Uterine Thermal Balloon Ablation versus Hysteroscopic Endometrial Resection in Treatment of MenorrhagiaAshraf TA1* and Gamal M2
- *Corresponding Author:
- Dr. Ashraf Talat
Faculty of Medicine, Department of Obstetrics and Gynecology
Zagazig University, 71 Faisal city, Sidi Bishr, 10th floor, flat 3 Alexandria, Egypt
E-mail: [email protected]
Received date: November 15, 2012; Accepted date: December 17, 2012; Published date: December 27, 2012
Citation: Ashraf TA, Gamal M (2012) Uterine Thermal Balloon Ablation versus Hysteroscopic Endometrial Resection in Treatment of Menorrhagia. Gynecol Obstet 2:136. doi:10.4172/2161-0932.1000136
Copyright: © 2012 Ashraf TA, et al.
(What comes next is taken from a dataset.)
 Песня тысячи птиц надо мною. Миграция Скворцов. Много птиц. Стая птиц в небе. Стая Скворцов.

This is an open-access article distributed under the terms of the Creative Commons Attribution License, which permits unrestricted use, distribution, and reproduction in any medium, provided the original author and source are credited.
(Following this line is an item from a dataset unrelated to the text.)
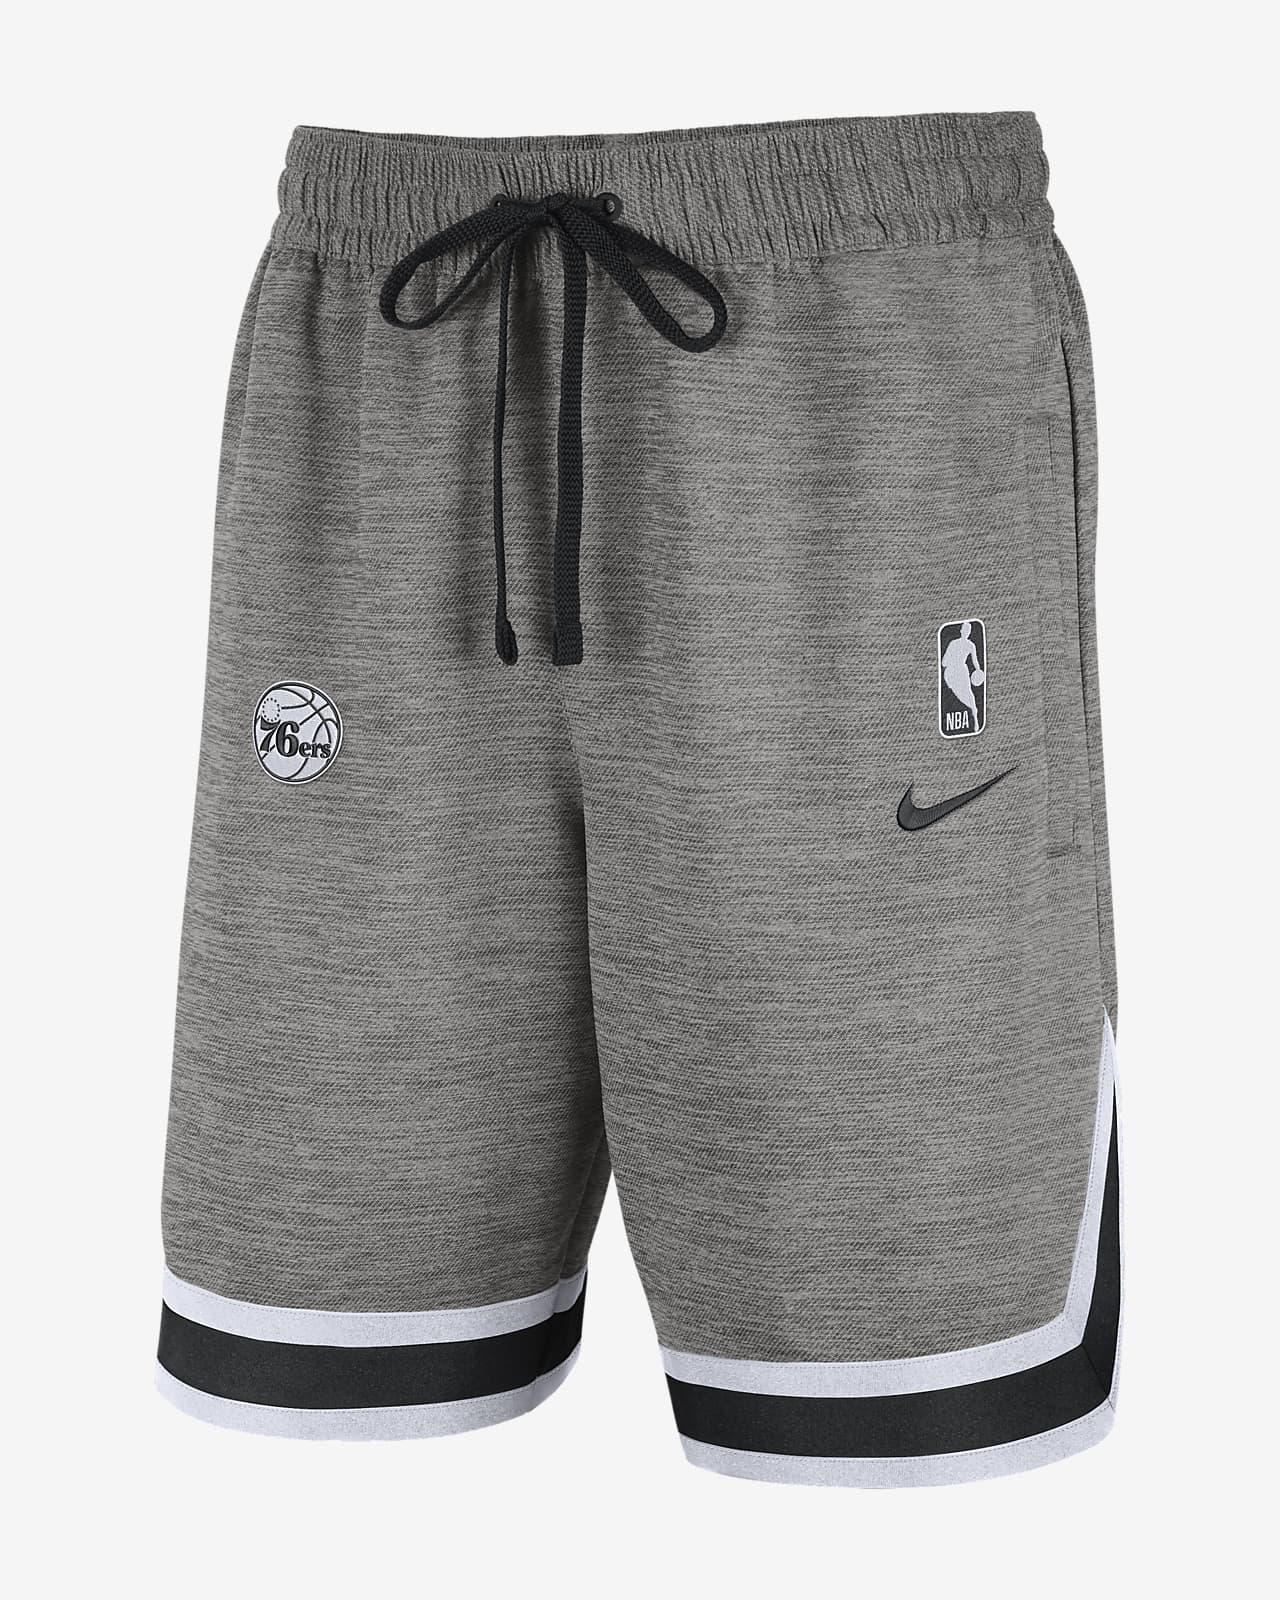 76ers Men's Nike Therma Flex NBA Shorts

Study design: A randomized clinical prospective comparative study. Setting: The study was conducted in the Department of Obstetrics and Gynecology, between May 2010 and August 2012.
Objective: To compare the efficacy and safety of a uterine thermal balloon system with hysteroscopic endometrial resection in the treatment of selected cases of menorrhagia.
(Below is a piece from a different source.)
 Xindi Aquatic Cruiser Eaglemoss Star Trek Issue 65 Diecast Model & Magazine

Patients and methods: The study comprised seventy premenopausal women with persistent intractable menorrhagia, selected under strict inclusion criteria. Patients were randomized into two equal groups of 35 patients each. Patients of the first group were treated by uterine thermal balloon system (35 patients), while those of the other group were treated by hysteroscopic endometrial resection (35 patients). Quantification of pre-procedural and post-procedural menstrual blood was defined by pad count and self-assessment. Twelve-month follow-up data were presented on all women and compared statistically.
Results: Twelve-month results indicated that both techniques significantly reduced menstrual blood flow with no clinically significant difference between the two groups. Success rates, as reflected by percent of patients who returned to normal bleeding or less, were comparable being 82.8% for the balloon group and 91.4% for the resection group. Procedural time was reduced significantly in the uterine balloon therapy group. Intra-operative complications occurred in three (8.5%) of the hysteroscopic resection patients, whereas no intra-operative complications occurred in the thermal balloon group.
Conclusion: Uterine thermal balloon therapy is as efficacious as hysteroscopic resection in the treatment of selected cases of menorrhagia. Further studies are needed to confirm this conclusion.